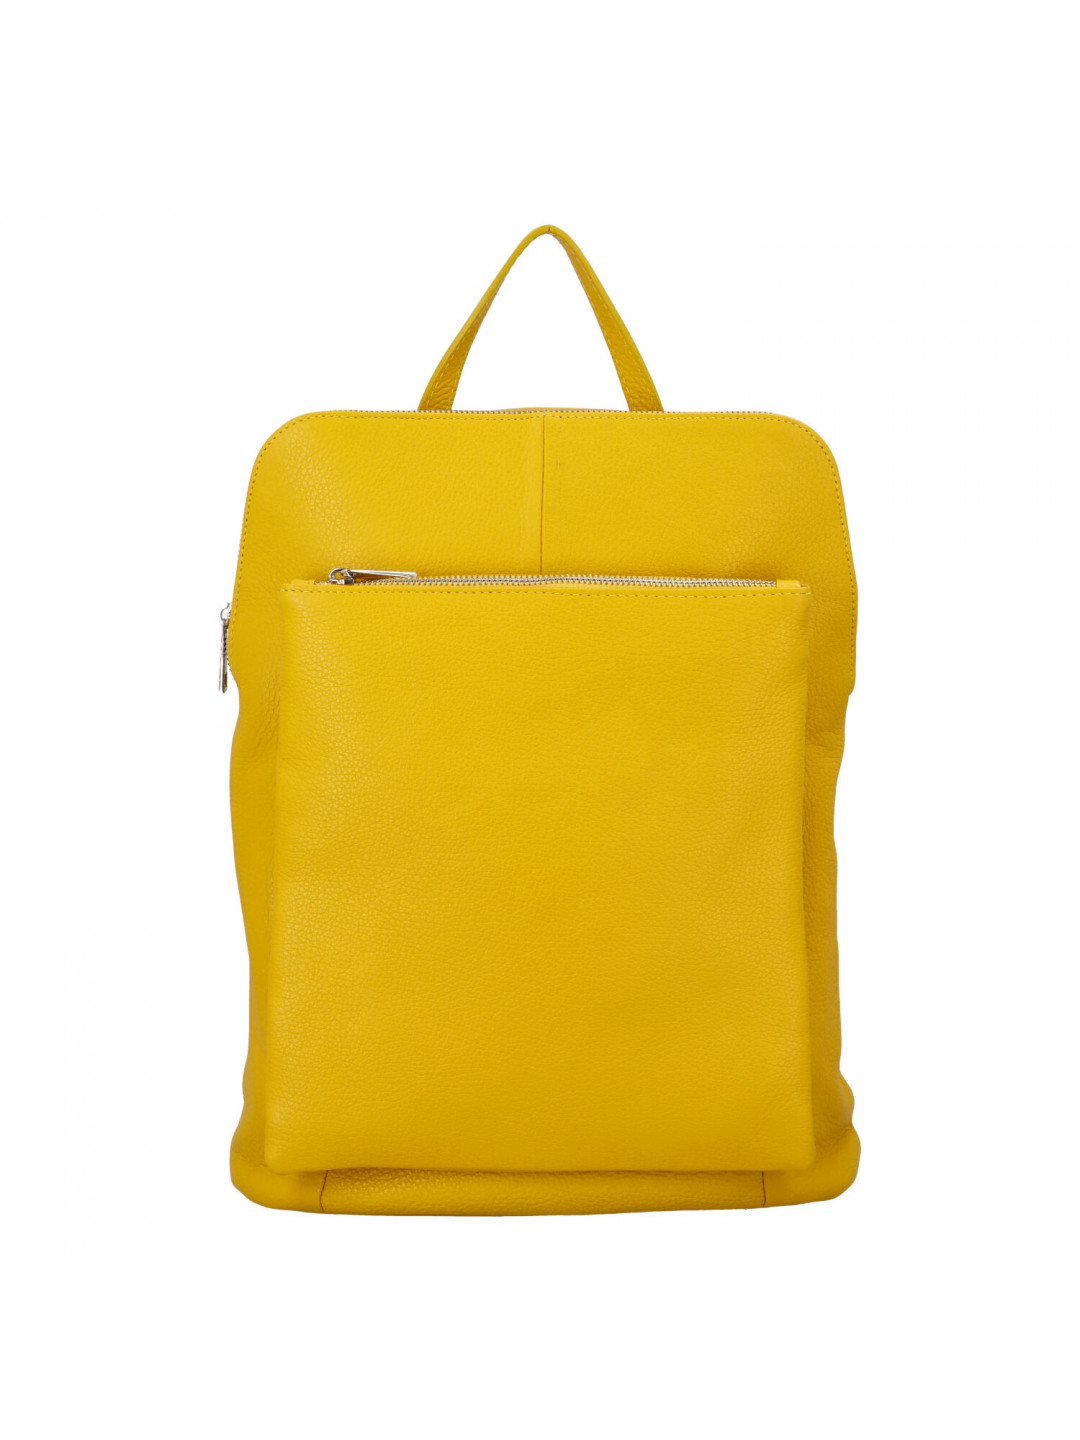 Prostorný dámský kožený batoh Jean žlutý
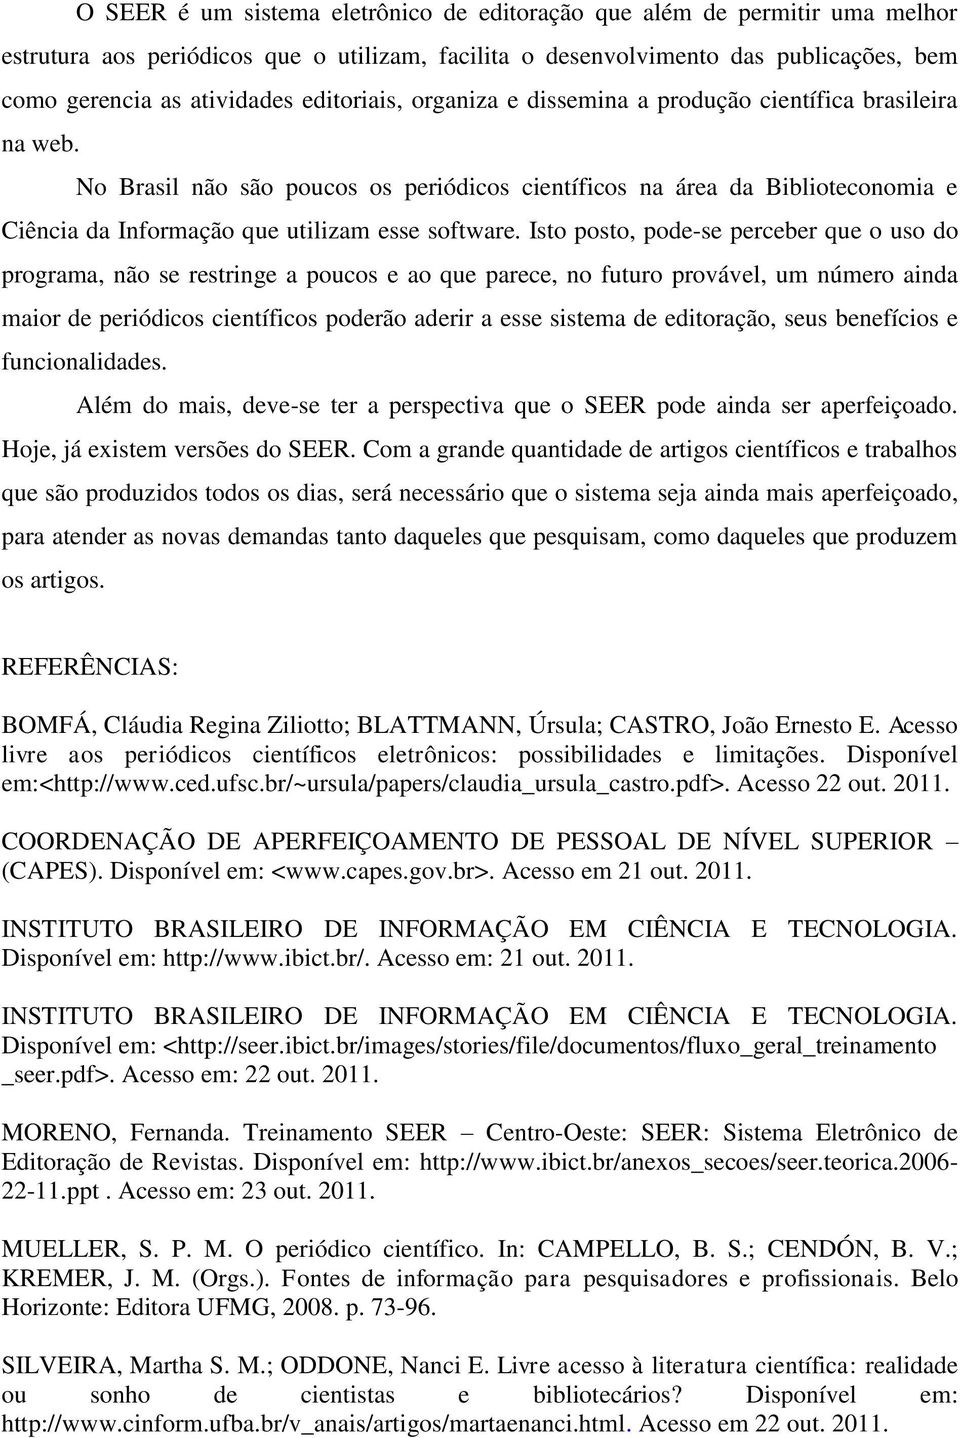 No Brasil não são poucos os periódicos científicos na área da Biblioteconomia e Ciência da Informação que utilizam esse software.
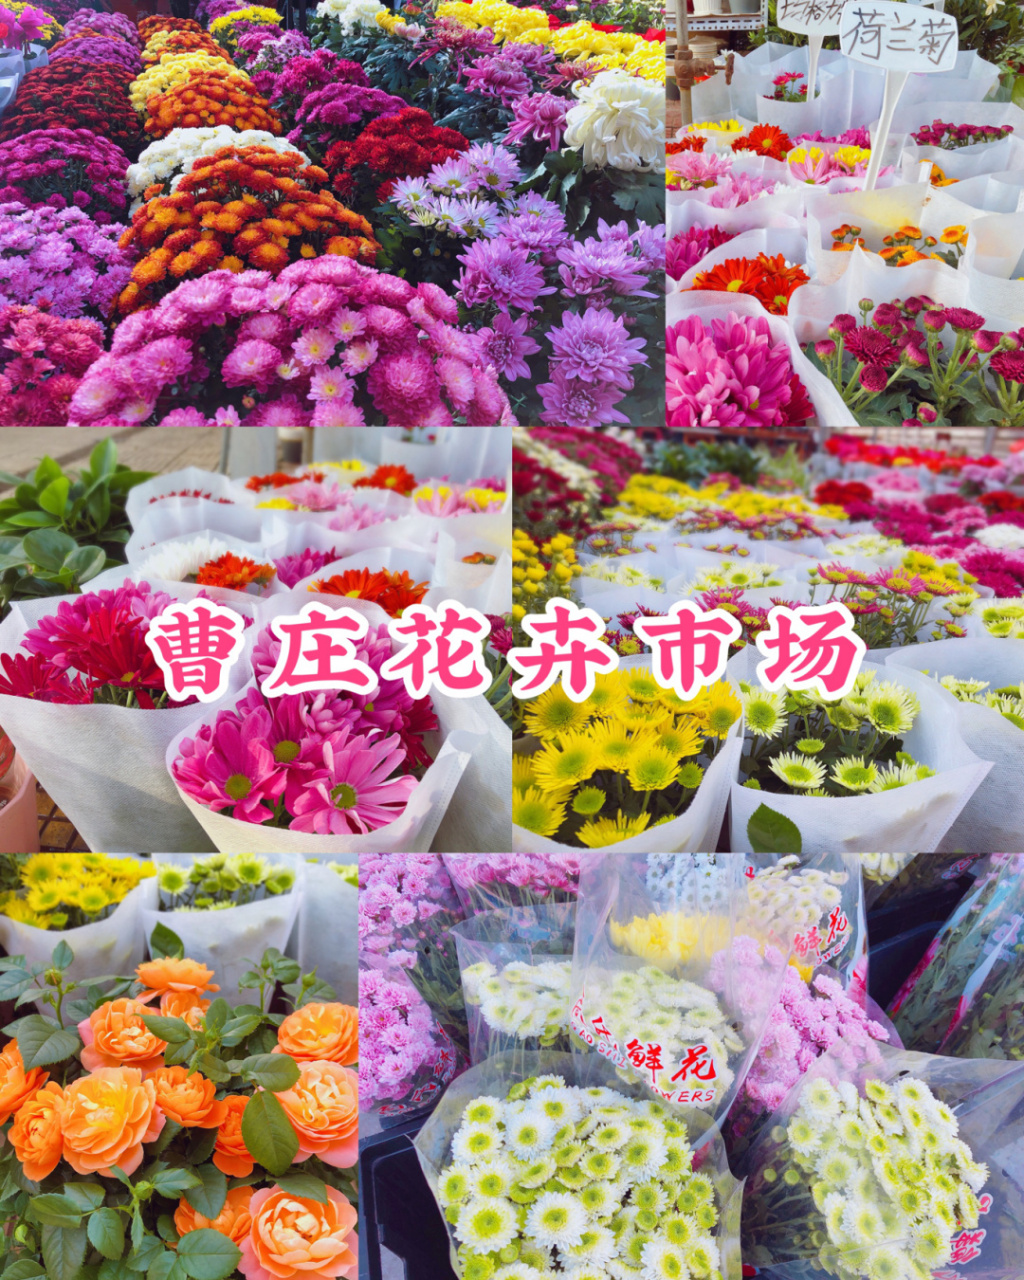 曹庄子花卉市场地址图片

* * *

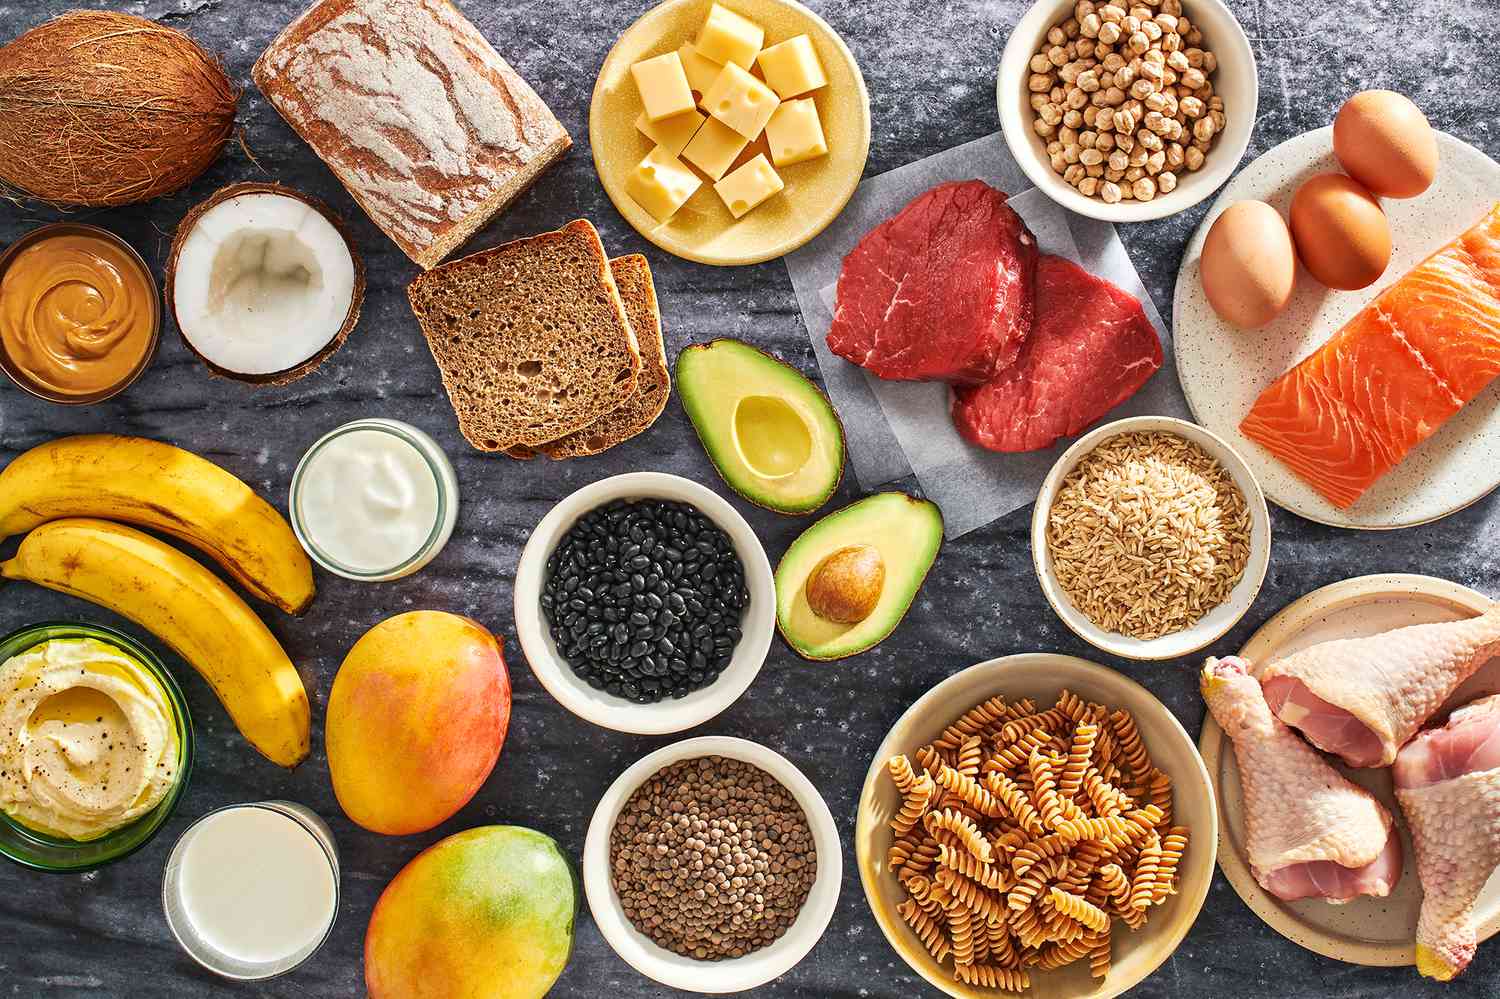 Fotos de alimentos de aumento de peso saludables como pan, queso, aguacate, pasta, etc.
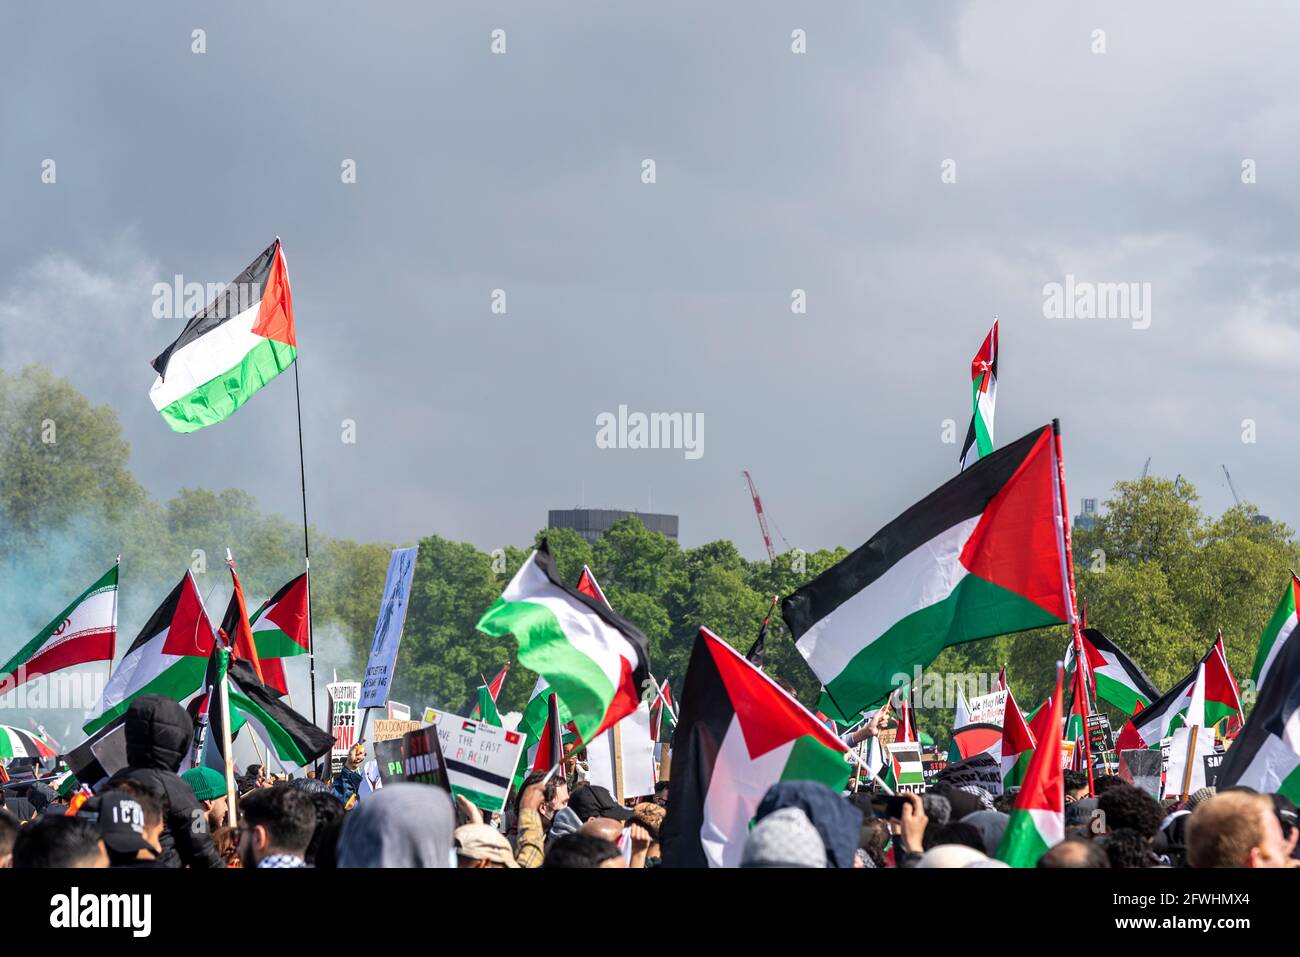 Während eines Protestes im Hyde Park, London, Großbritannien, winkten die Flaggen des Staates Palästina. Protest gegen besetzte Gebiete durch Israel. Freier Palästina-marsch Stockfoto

Brief:
Write out again exactly the lines above from the one with "Prostorný dámský kožený batoh Jean žlutý" through the one with "曹庄子花卉市场地址图片", adding no other lines and no pictures.

Solution for this problem:
 Prostorný dámský kožený batoh Jean žlutý
 No Brasil não são poucos os periódicos científicos na área da Biblioteconomia e Ciência da Informação que utilizam esse software.
 曹庄子花卉市场地址图片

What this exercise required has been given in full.